The calculated heat transfer coefficient from the deduced correlation versus the experimental one was illustrated in Fig. 7.

Fig. 7
figure 7

Deduced data versus experimental ones

5 Comparison among present work and previous ones

The current experimental results for pure R-134a were validated by comparing the results by the following correlation which had been deduced by Cooper [27] at the same operating conditions;

$$ \frac{h}{{q^{0.67} }} = 55 \times \left[ {\frac{p}{{p_{cr} }}} \right]^{{(0.12 - 0.2 \, \log \, R_{p} )}} \times \left[ { - \log \frac{p}{{p_{cr} }}} \right]^{ - 0.55} \times M^{ - 0.5} $$
(15)

Referring to Fig. 8, one can find a fair validation has been established.

Fig. 8
figure 8

Validation of the experimental results for mirror surface

The heat transfer coefficient reaches twice that of pure R-141b by addition of nano Au particles as provided by Liu and Yang [12]. The effect of the addition of carbon nano tubes (CNTs) on boiling heat transfer of refrigerant R-22 and water was investigated by Park and Jung [28]. Test results showed that CNTs increase heat transfer coefficients at low heat fluxes. Also, the addition of (CNTs) to R-123 and R-134a shows an increase in heat transfer coefficient at low heat fluxes as reported by Park and Jung [29]. Referring to Fig. 9, about 48% enhancement was observed due to the addition of nono-Al2O3 in the present work rather than those from the addition of nano CNCs either to R-22 or R-141b.

Fig. 9
figure 9

Comparison among present work and previous ones

6 Conclusions

The effect of addition of nano particles of Aluminum oxide to a base R-134a on pool boiling heat transfer at different concentrations had been experimentally investigated using a horizontal stainless steel cylindrical heater having different surface roughness. The tests were carried out at different operating pressure and different heat fluxes. The results can be systemized as follows:

The heat transfer coefficient can be doubled with the increase of the nano particles concentration up to 0.25%. But it comes down with exceed of nano particles concentration.

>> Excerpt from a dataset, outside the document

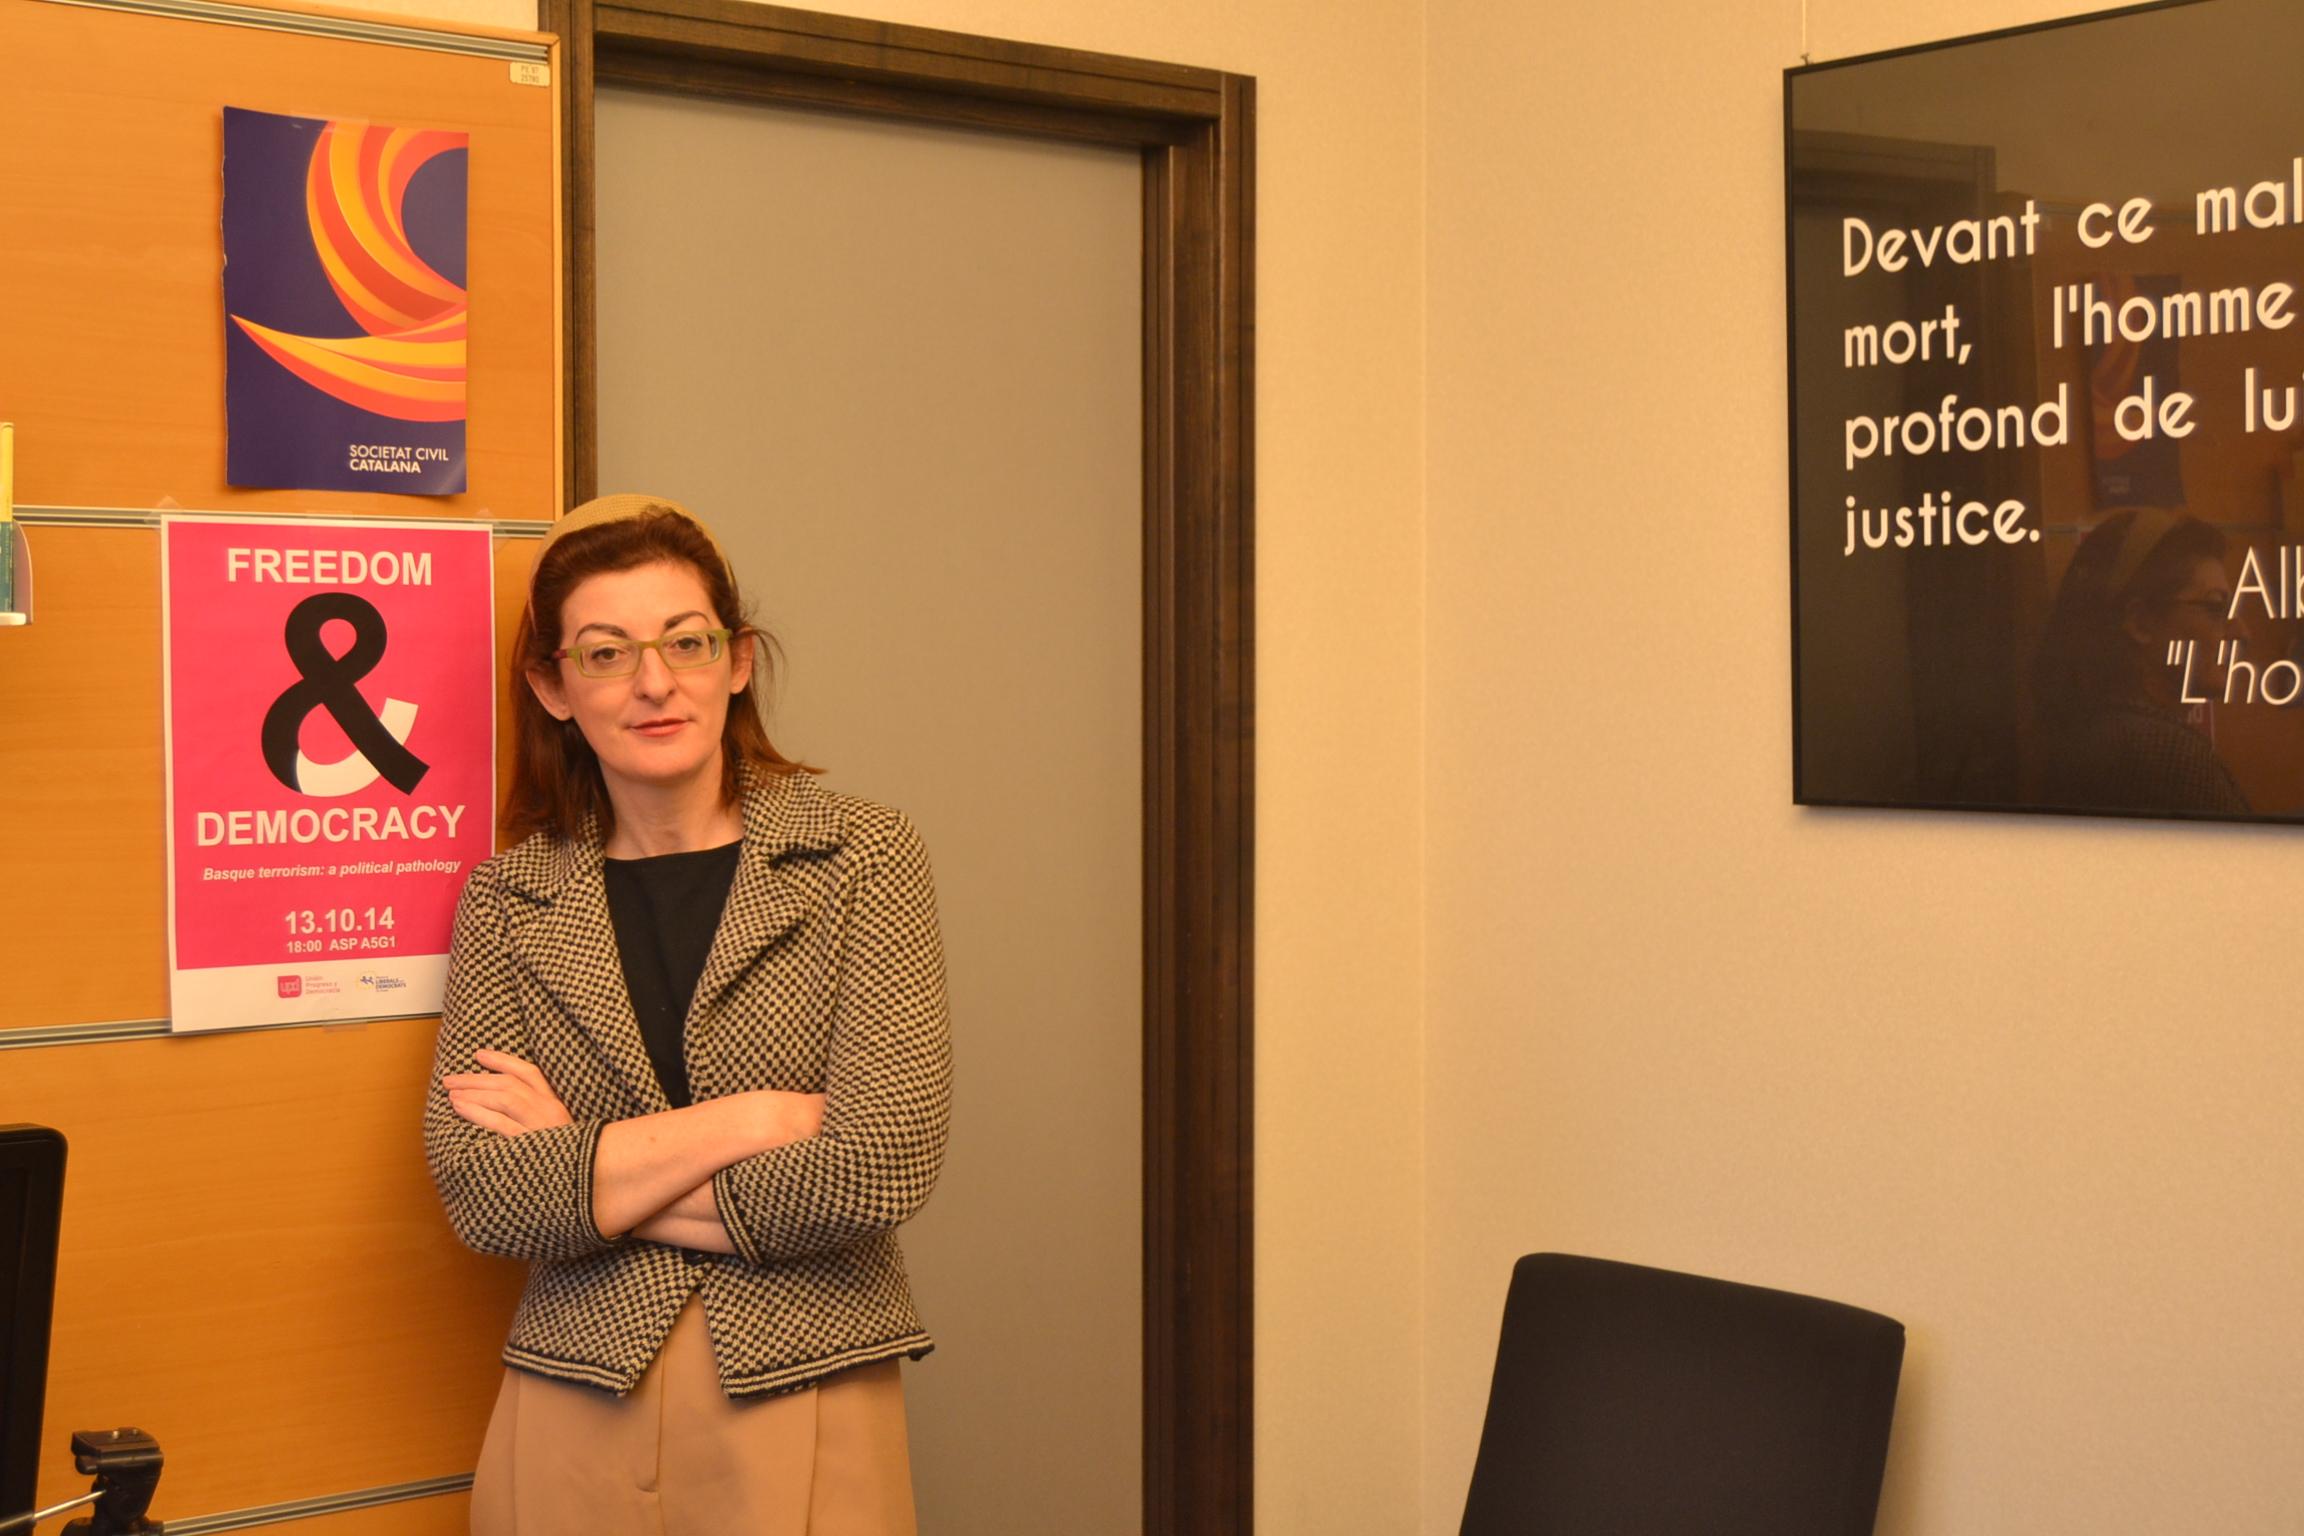 Maite Pagazaurtundúa en su despacho en Bruselas. (Foto: Fernán González)

An enhancement in heat transfer coefficient up to 37.6, 55.4, 90.2, 167.7% corresponding to 0.042, 0.84, 1.54, and 2.35 μm surface roughness, respectively, were recorded.

An empirical correlation was deduced to describe the variation of heat transfer coefficient with heat flux, pressure, surface roughness and nano particles concentrations within a deviation of ±9%.

In a comparison with previous works, about 48% enhancement was observed due to the addition of nono-Al2O3 to R-134a in the present work rather than those from the addition of nano CNCs either to R-22 or R-141b.